## Task to complete
Beginning with the first line, transcribe the entries below exactly through the line containing "Parent company Clorox", inclusive.

Segment Start: Exercise input

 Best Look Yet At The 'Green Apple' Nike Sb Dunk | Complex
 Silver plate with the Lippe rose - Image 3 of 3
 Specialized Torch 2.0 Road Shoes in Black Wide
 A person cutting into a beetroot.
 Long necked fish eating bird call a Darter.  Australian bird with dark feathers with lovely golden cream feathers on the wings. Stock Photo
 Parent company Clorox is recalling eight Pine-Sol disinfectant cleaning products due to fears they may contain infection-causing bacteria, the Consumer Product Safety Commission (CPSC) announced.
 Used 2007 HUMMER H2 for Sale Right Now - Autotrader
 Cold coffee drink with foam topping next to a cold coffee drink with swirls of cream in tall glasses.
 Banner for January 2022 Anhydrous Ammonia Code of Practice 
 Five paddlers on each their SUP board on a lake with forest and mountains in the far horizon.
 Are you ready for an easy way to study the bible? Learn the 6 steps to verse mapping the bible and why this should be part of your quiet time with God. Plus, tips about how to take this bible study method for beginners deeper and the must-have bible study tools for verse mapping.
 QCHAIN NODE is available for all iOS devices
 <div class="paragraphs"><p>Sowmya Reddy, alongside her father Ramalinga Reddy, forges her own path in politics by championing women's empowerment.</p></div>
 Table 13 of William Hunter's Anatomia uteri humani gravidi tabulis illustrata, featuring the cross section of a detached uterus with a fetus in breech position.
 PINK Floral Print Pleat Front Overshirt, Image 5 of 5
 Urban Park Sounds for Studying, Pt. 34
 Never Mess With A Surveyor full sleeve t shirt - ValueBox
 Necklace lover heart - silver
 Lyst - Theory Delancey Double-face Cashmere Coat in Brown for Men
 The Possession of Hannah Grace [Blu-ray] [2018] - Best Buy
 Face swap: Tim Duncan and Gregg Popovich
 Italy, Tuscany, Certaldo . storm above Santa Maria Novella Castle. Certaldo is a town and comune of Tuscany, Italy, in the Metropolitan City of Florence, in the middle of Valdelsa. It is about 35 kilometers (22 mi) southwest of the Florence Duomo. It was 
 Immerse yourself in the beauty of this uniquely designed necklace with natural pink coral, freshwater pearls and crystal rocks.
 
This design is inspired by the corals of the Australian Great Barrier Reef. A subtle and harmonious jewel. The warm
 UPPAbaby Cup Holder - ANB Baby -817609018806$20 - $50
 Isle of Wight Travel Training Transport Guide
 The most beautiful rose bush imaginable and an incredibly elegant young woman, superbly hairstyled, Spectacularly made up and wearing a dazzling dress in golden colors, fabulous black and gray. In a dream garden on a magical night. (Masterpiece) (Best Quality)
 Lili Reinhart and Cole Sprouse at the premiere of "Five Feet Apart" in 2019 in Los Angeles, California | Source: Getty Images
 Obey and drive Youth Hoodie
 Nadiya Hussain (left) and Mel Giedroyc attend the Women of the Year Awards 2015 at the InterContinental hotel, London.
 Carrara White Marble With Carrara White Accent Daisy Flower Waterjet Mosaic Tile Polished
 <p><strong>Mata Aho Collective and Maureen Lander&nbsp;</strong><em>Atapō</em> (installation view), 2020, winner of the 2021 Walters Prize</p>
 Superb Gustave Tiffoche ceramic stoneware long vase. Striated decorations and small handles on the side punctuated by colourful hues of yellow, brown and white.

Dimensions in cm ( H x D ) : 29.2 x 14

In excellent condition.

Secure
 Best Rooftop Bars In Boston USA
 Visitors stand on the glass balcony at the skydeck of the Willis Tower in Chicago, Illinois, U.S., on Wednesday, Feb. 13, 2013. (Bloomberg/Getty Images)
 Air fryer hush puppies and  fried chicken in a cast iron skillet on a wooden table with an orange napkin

Segment End: Exercise input

## Solution below
 Best Look Yet At The 'Green Apple' Nike Sb Dunk | Complex
 Silver plate with the Lippe rose - Image 3 of 3
 Specialized Torch 2.0 Road Shoes in Black Wide
 A person cutting into a beetroot.
 Long necked fish eating bird call a Darter.  Australian bird with dark feathers with lovely golden cream feathers on the wings. Stock Photo
 Parent company Clorox is recalling eight Pine-Sol disinfectant cleaning products due to fears they may contain infection-causing bacteria, the Consumer Product Safety Commission (CPSC) announced.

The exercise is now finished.